Etienne Leroux
Quick Facts
Biography
Etienne Leroux (13 June 1922 – 30 December 1989) was anAfrikaans writer and a member of the South African Sestigers literary movement.
Early life and career
Etienne Leroux was born in Oudtshoorn in the Western Cape on 13 June 1922 as Stephanus Petrus Daniël le Roux, son of S.P. Le Roux, a South African Minister of Agriculture. He studied Law at Stellenbosch University (BA, LLB) and worked for a short time at a solicitor's office in Bloemfontein. From 1946 he farmed and lived as a writer on his farm in the Koffiefontein district. Etienne was a scholar at Grey College Bloemfontein where he matriculated.
His 1968 Een vir Azazel (One for Azazel in Afrikaans) was translated into English as One for the Devil, and makes use of the Azazel myth.
He died on 30 December 1989, and was buried at the family church yard of Wamakersdrift, of which his farm formed part.

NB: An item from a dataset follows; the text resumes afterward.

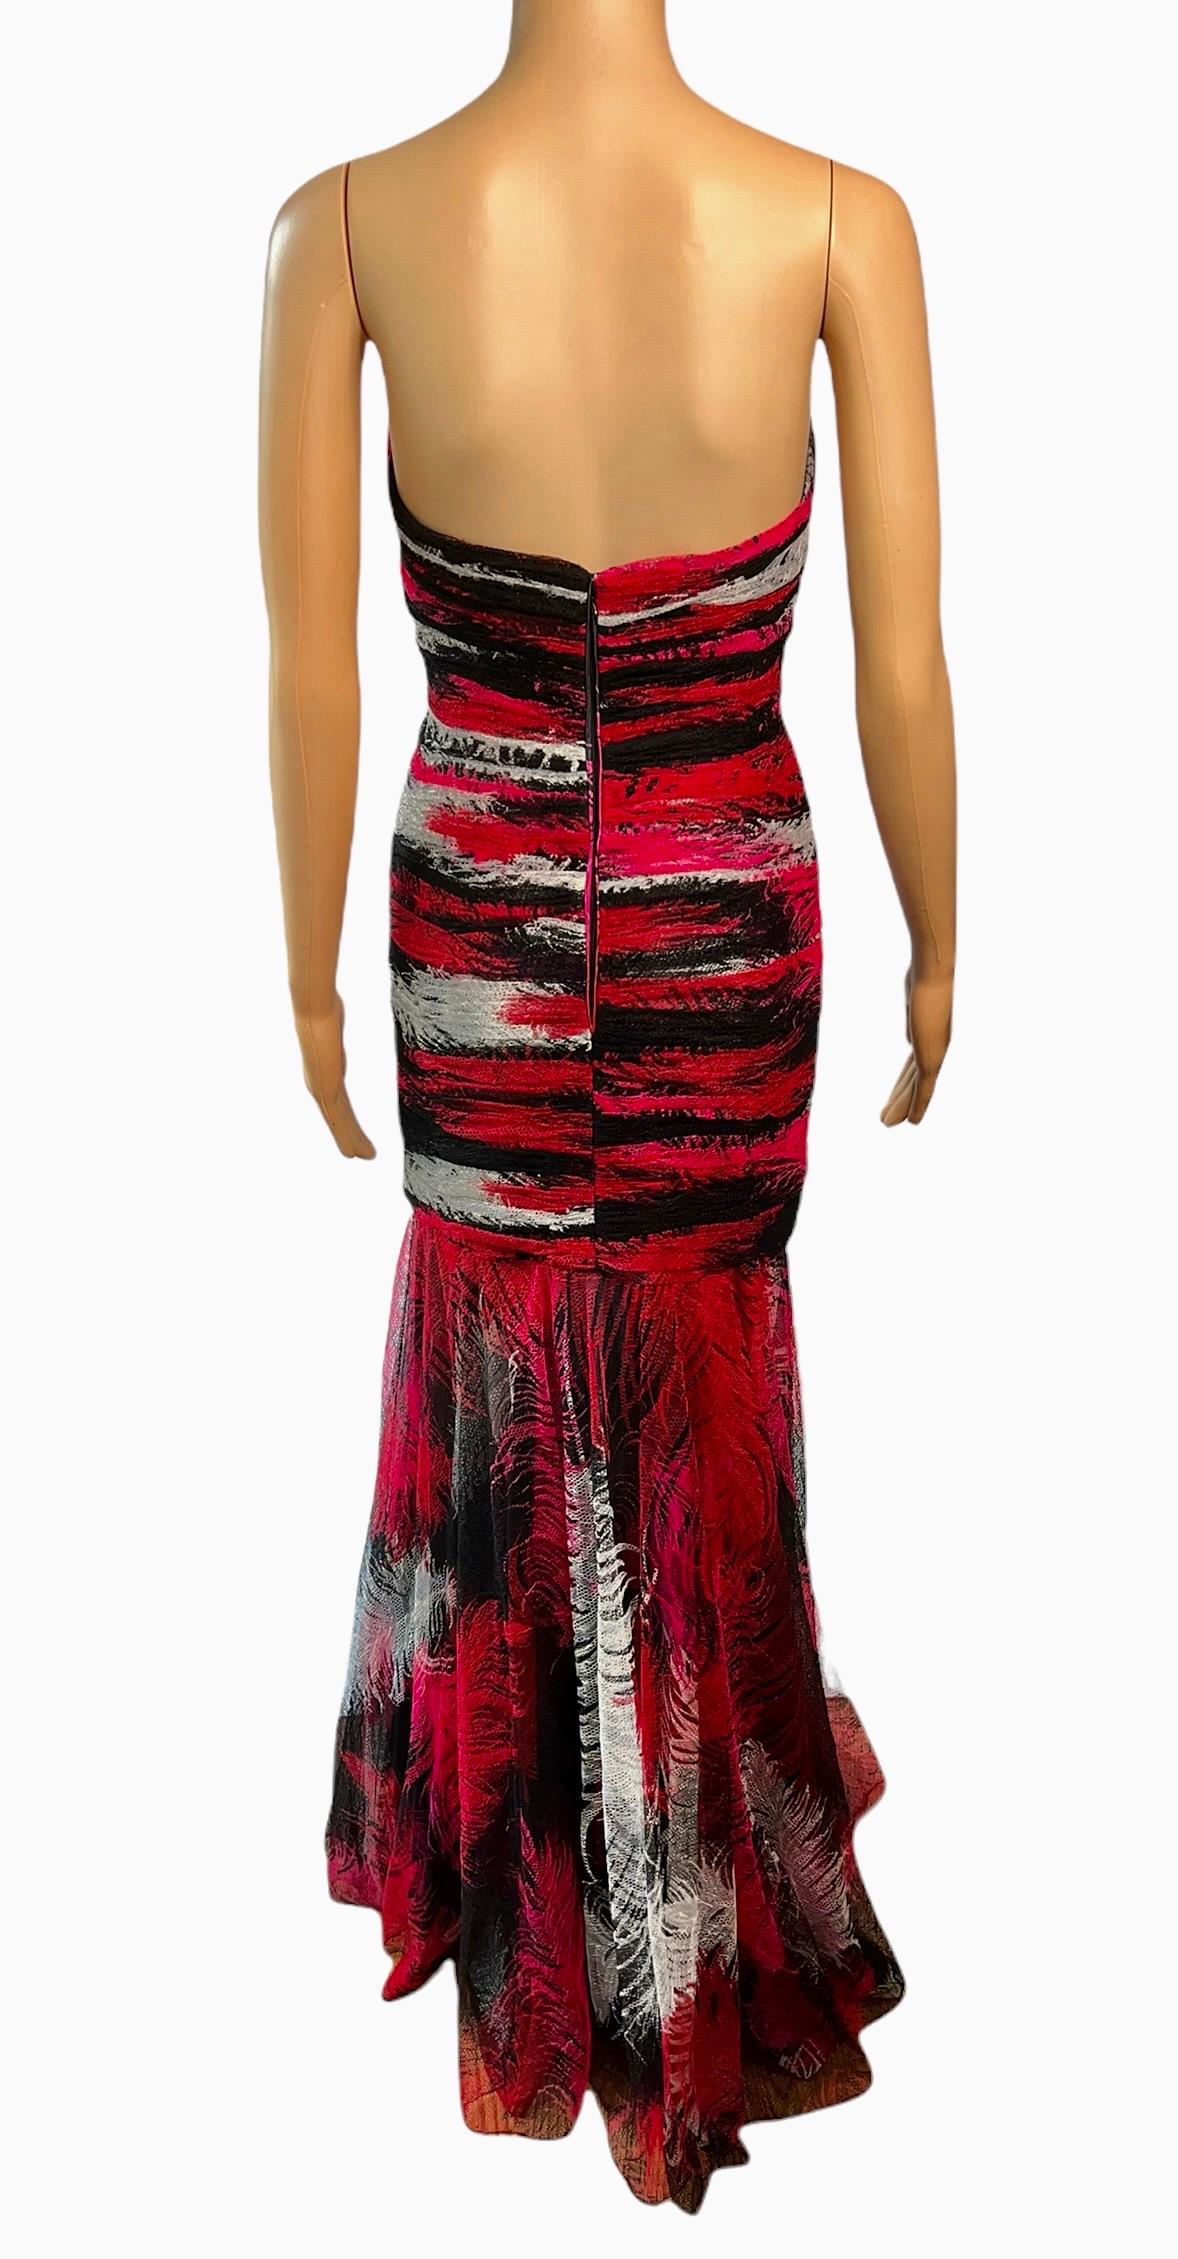 Gianni Versace F/W 2001 Runway Bustier Feather Print Silk Evening Dress Gown In Good Condition For Sale In Naples, FL

Graham Greene wrote: "His audience will be the audience that only a good writer can merit, an audience which assembles slowly in ones and twos ... the rumour spreads that here an addition will be found to the literature of our time."
Awards
- Hertzog Prize for prose for Sewe dae by die Silbersteins, 1964
- Hertzog Prize for Prose for Magersfontein, O Magersfontein!, 1976 and CNA Literary Award
- CNA Literary Award for Een vir Azazel
List of works
- Die eerste lewe van Colet, 1955
- Hilaria, 1957
- Die mugu, 1959
- Sewe dae by die Silbersteins, 1962
- Een vir Azazel, 1964
- Die derde oog, 1966
- 1844, 1967
- Isis, Isis, Isis, 1969
- Na'va, 1972
- Magersfontein, o Magersfontein!, 1976
- Onse Hymie, 1982
- Die Silberstein-trilogie, 1984 (appeared at Penguin as: To a dubious salvation)
Etienne Leroux. Die eerste siklus. Die eerste lewe van Colet - Hilaria - Die mugu.
A biography of Etienne Leroux, by the respected biographer of Afrikaans writers, John Christoffel Kannemeyer, was published in July 2008.
Selected publications
- Seven days at the Silbersteins Translated by Charles Eglington. Boston, Houghton Mifflin, 1964.
- One for the Devil Translated by Charles Eglington. Boston, Houghton Mifflin, 1968.
- The Third Eye Translated by Amy Starke. Boston, Houghton Mifflin, 1969.
- 18/44 Translated by Cassandra Perrey. Boston, Houghton Mifflin, 1972.
- To a dubious salvation: a trilogy of fantastical novels Penguin, 1972.
- Magersfontein, O Magersfontein! Translated by Ninon Roets. Hutchinson, 1983.